Auntie J brought over a couple of tubs of ice-cream. They had packed it with dry ice, and rather than let the ice go to waste, we thought we’d try to recreate the “Singapore Wedding Dinner Effect” – the one where the newlyweds walk in to banquet hall and wedding coordinator cues dry ice machine. Done well, it can lend an air of romance. Mostly we just lose sight of the couple for a few moments 🙂
Anyway, if you happen to get some dry ice with your ice-cream, this is lots of fun to try at home. It’s as dramatic as the home-made volcano, and the effect lasts longer. All you need to do is…plonk the dry ice into a bowl of water. And that’s it.
Here’s our dry ice sublimating in water
Athos, Aramis, Pilgrim Dad and Porthos blow hard and are obscured
Near the end the fog lessens and you can see the carbon dioxide bubbles more distinctly. The boys want to know whether adding in food colouring will make the fog change colour. (Yes, it’s the Pilgrim family food colouring motif….) So we try it and are pleased to confirm that only the water changes colour 🙂
If your kids are up to the science, you can explain that dry ice is frozen carbon dioxide, and the process of changing from solid to gas without becoming liquid is called sublimation. More on that here. You can also find other cool dry ice experiments here.
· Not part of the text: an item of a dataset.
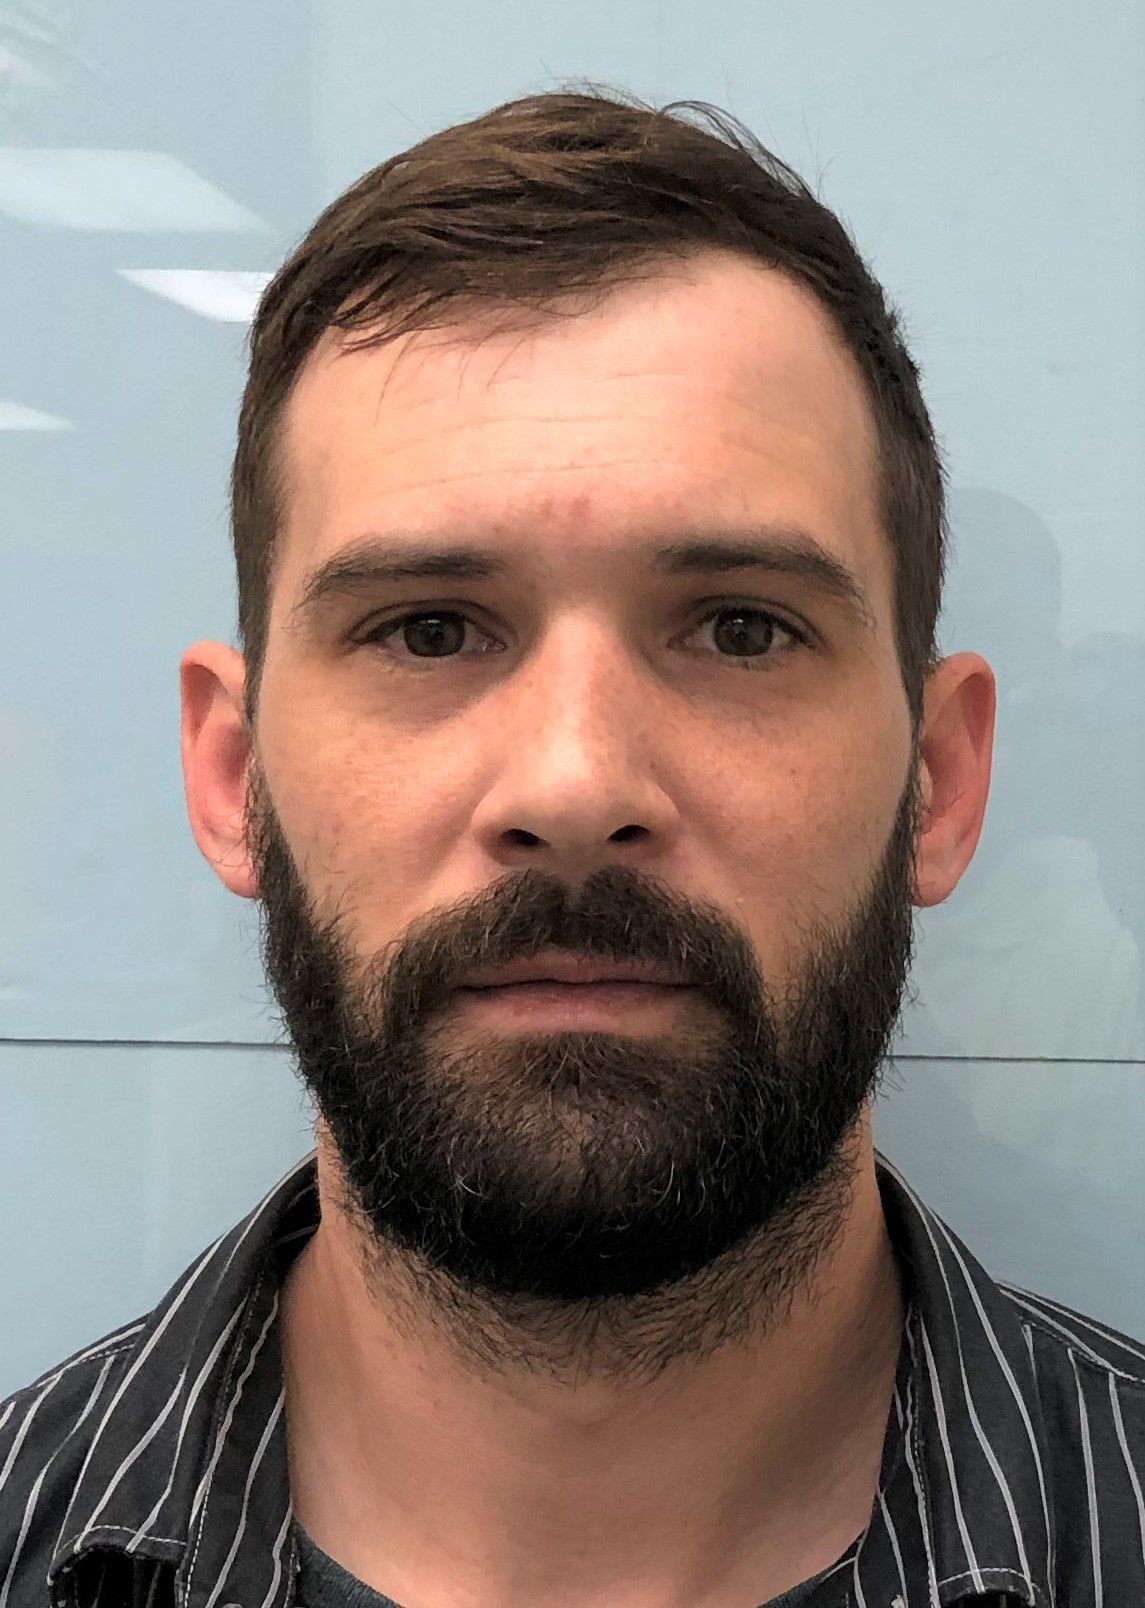 Lafayette County man charged with felony DUI | News | djournal com

But please do remember that dry ice experiments MUST be supervised by adults. Dry ice has unique properties which can be dangerous –
- Do not handle dry ice with your bare hands because it can cause frostbite. Best to use tongs or a scoop. Obviously, do not taste or eat dry ice either.
- Do not store dry ice in your freezer for use later. It’s cold enough to freeze your thermostat….
- Do not store dry ice in a sealed container. Dry ice expands as it sublimates, creating enough pressure for a massive explosion.
- Do the experiment in a well-ventilated area. Carbon dioxide does not support human life….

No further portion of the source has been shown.